Archive of UserLand's first discussion group, started October 5, 1998.

Re: Email to Brian > Word-to-Manila

Posted:4/25/2000; 6:40:22 PM
Topic:Email to Brian Behlendorf
Msg #:16684 (In response to 16670)
Prev/Next:16683 / 16685

IMHO, Microsoft has done a darned good job at design and usability with Word, while making it open enough that power users (law firms, novelists, tech writers, engineers) can bend it to their particular needs.

Really? Yikes. I'm a document power user, and I found Word to be such an amazing piece of junk I switched *operating systems* to get as far away from it as I could.

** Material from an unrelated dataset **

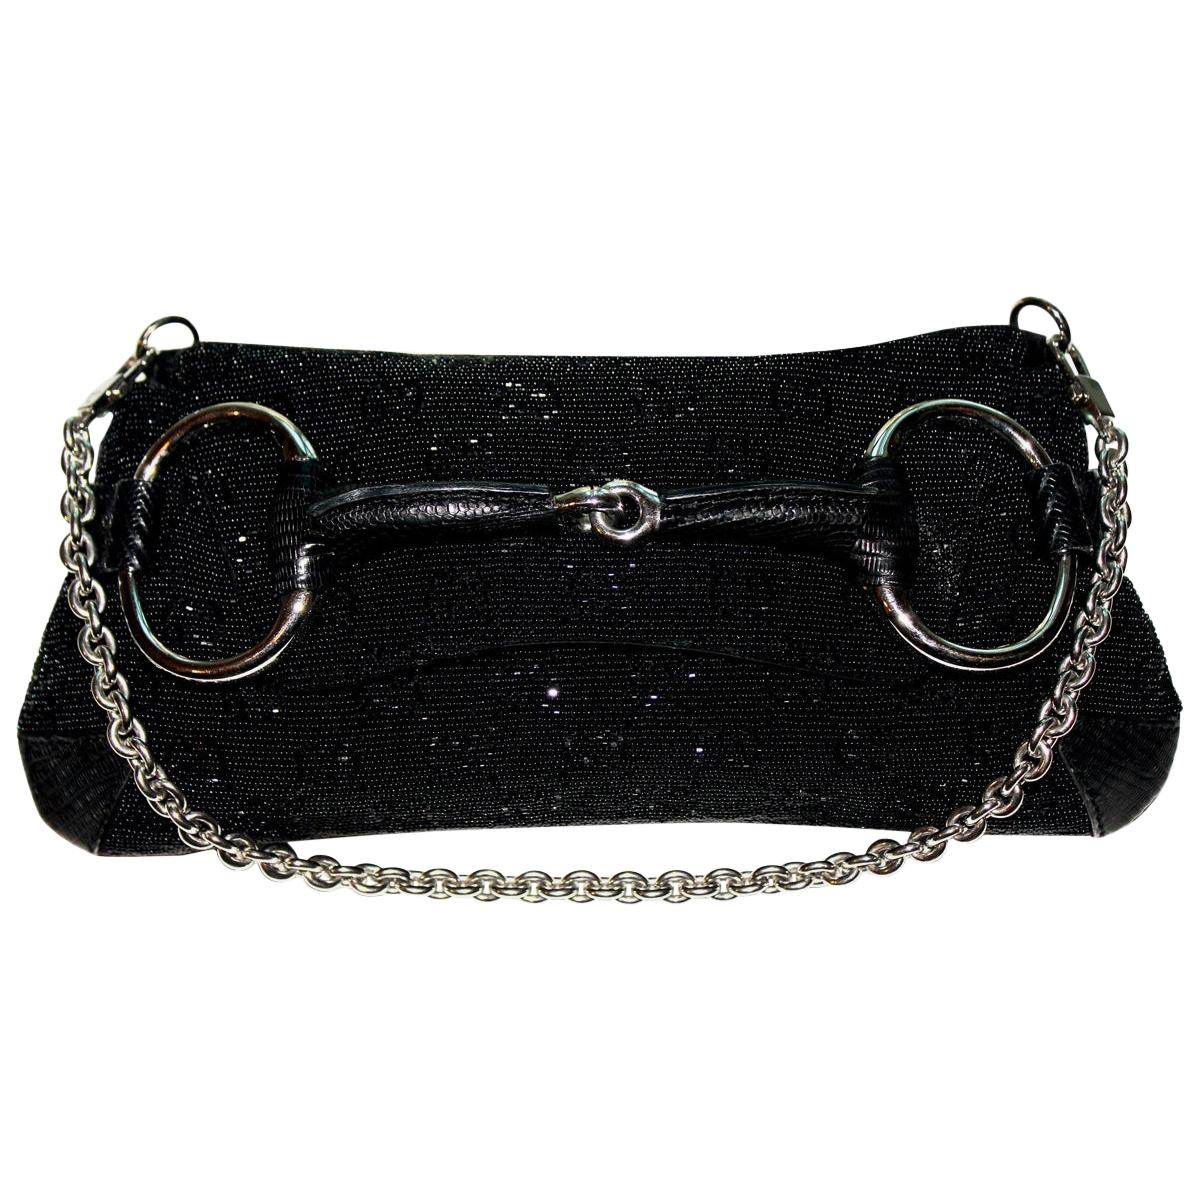 Gorgeous Black Gucci GG Monogram Beaded Crystal Exotic Skin Horsebit Bag Clutch

Four of my legion of complaints: first, the Word full justification line break algorithm was *so* bad that I couldn't stand to use it; second, the page break algorithm, especially in a document with footnoes, was so bad that I couldn't stand to look at my own documents after printing them; in university, that's not a good thing; third, it had such abysmally poor support for any kind of textual critical needs that it was useless for anything much more complex than the average business document; fourth, it was slow, slow, slow on really long documents.

Now, I'm not the average *corporate* power user, and I suspect that's part of why I hated Word. But that's just why Microsoft being a monopoly is such a bad thing, since the whole computer-using world doesn't revolve around corporate technical needs; er, well, it does, but it shouldn't. Word was simply useless in an academic setting, especially if you care at all, like Don Knuth does, about the aesthetic quality of the documents that your word processor gives you. So I use LaTeX and I'm a very happy camper.

Alas, I guess I'm just ill-suited to use Word at all since for most of the power uses you cite above, I'd use SGML + DSSSL + TeX, certainly for law docs, tech docs, and engineering stuff. If I were a novelist I'd use Emacs or Nota Bene.

I just can't imagine doing a 1,000 or 2,000 page engineering or aircraft manual or legal brief in Word.